- _Description of the task_: The material below has pictures in it. Set down only the lines from the line containing "20]. Both the" through the line containing "Jonathan Majors attends", word for word, and leave the pictures behind.

- _Records shown_:

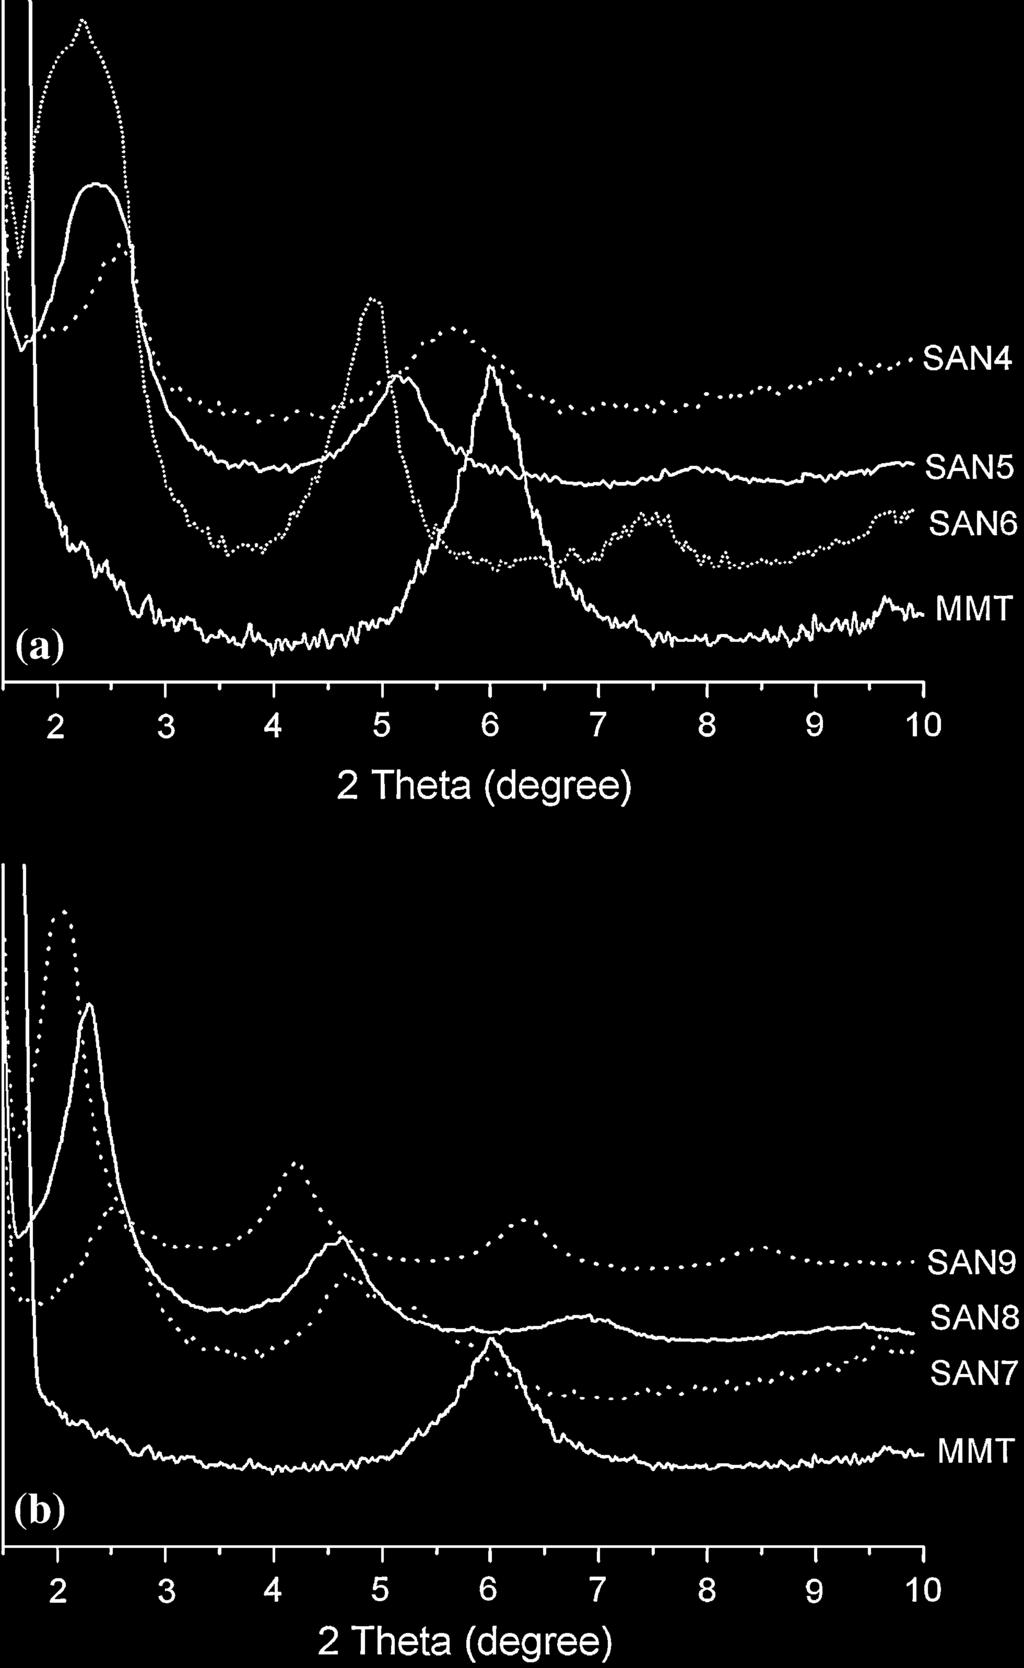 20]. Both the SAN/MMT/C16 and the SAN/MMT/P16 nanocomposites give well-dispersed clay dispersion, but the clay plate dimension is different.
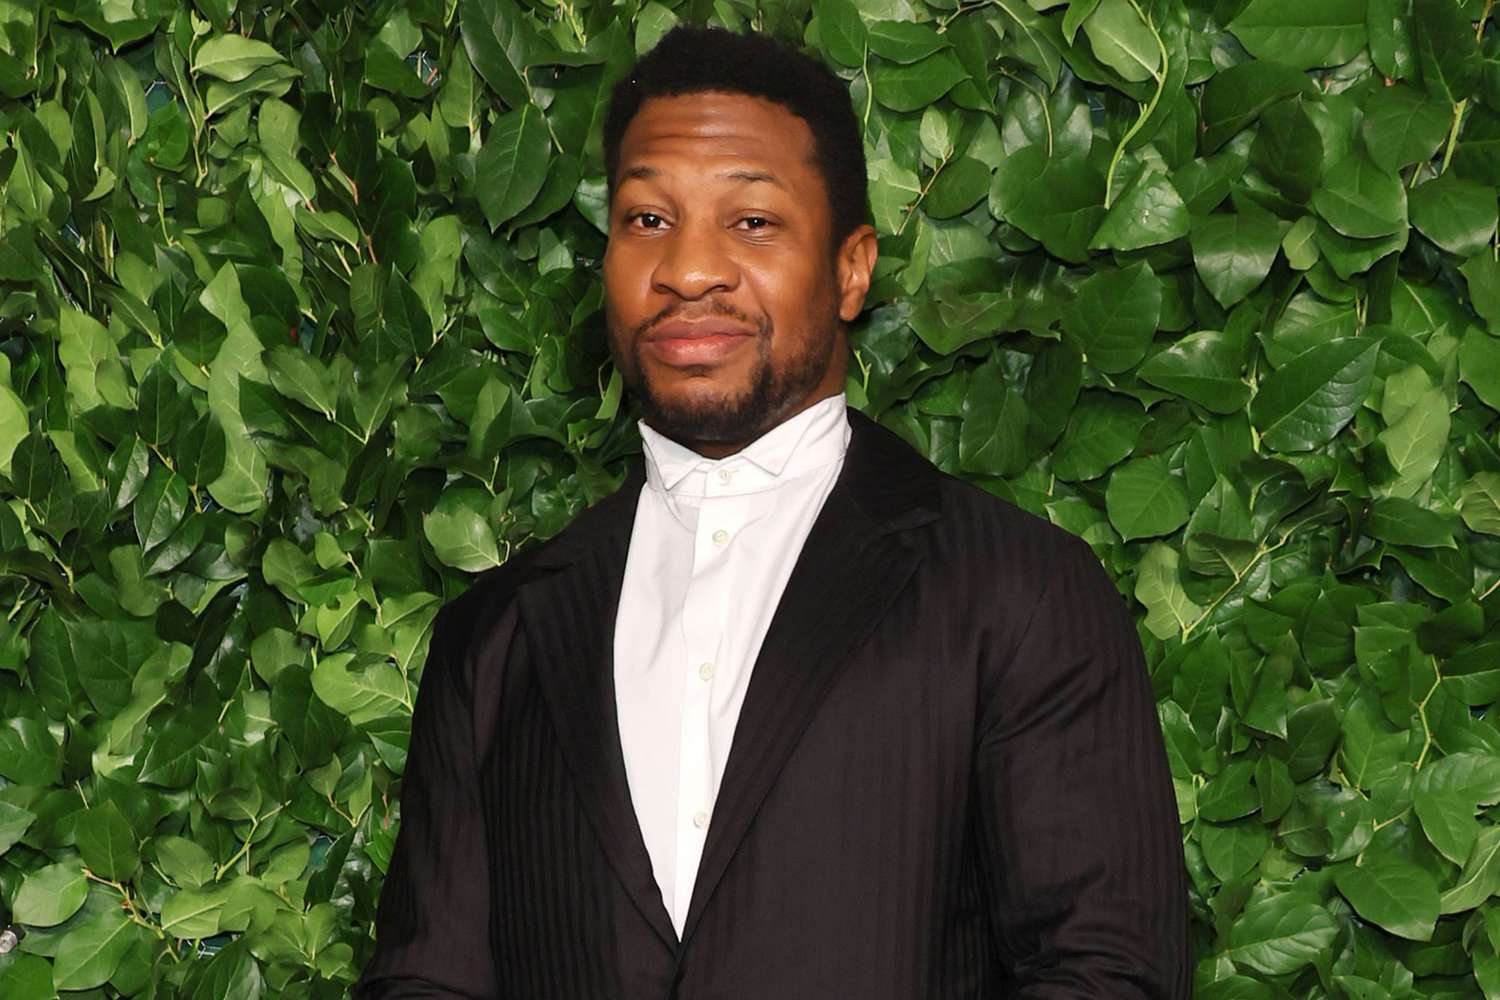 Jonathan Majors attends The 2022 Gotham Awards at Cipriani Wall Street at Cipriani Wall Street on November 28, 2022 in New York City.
* * *
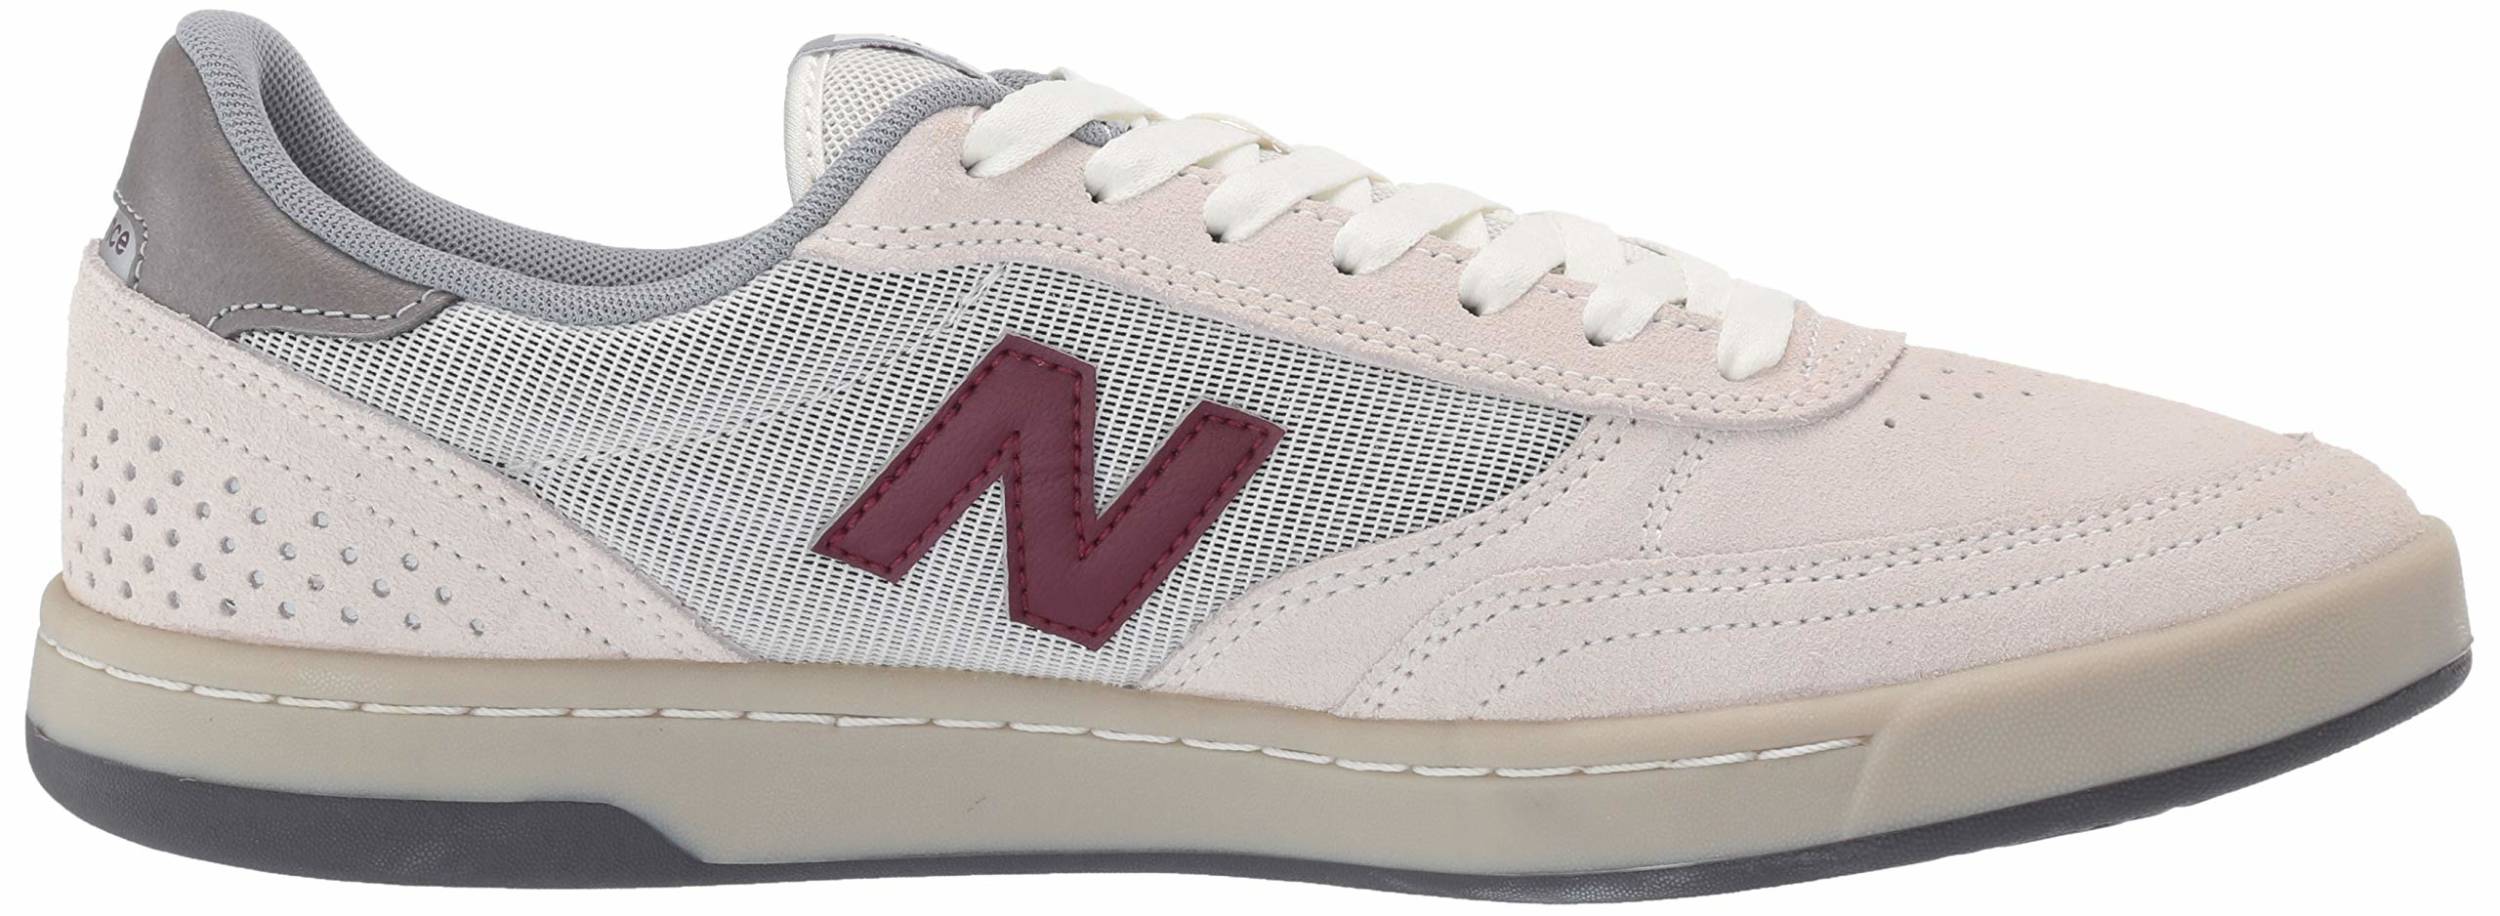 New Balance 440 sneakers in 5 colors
--
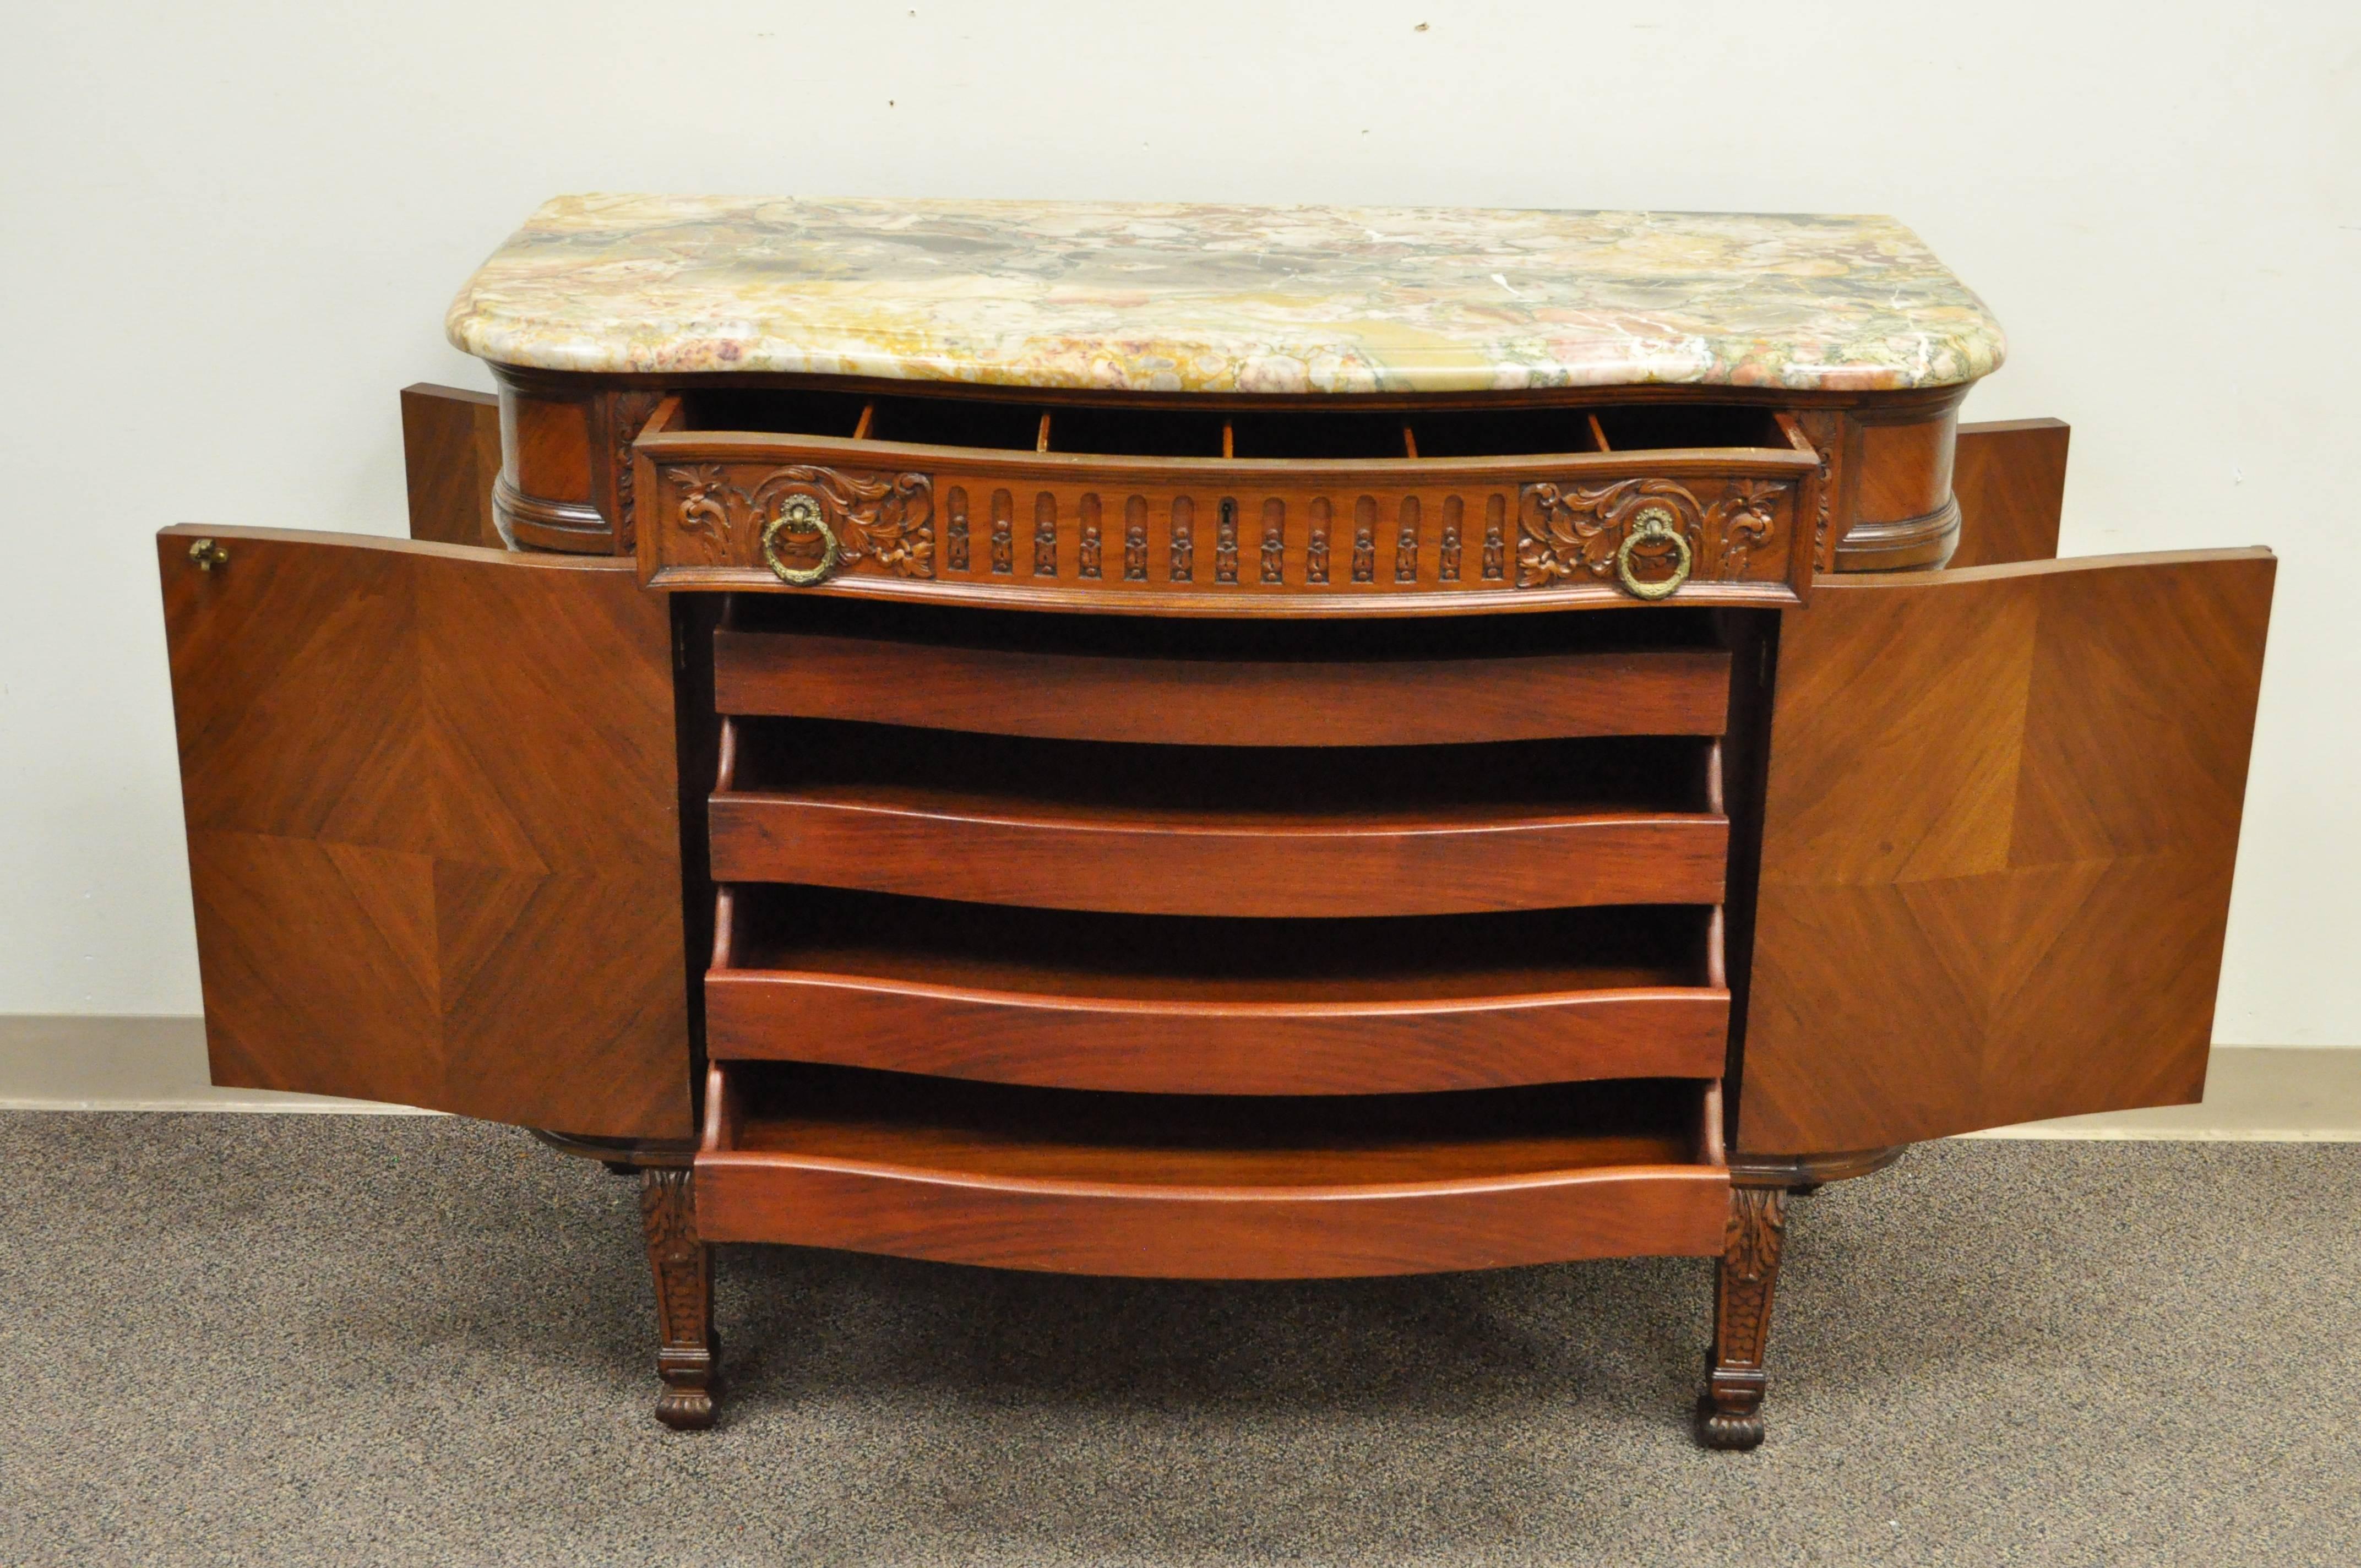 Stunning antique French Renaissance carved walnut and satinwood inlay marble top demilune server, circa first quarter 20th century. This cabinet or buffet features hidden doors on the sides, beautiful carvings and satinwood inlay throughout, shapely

- _Answer section_:
 20]. Both the SAN/MMT/C16 and the SAN/MMT/P16 nanocomposites give well-dispersed clay dispersion, but the clay plate dimension is different.
 Jonathan Majors attends The 2022 Gotham Awards at Cipriani Wall Street at Cipriani Wall Street on November 28, 2022 in New York City.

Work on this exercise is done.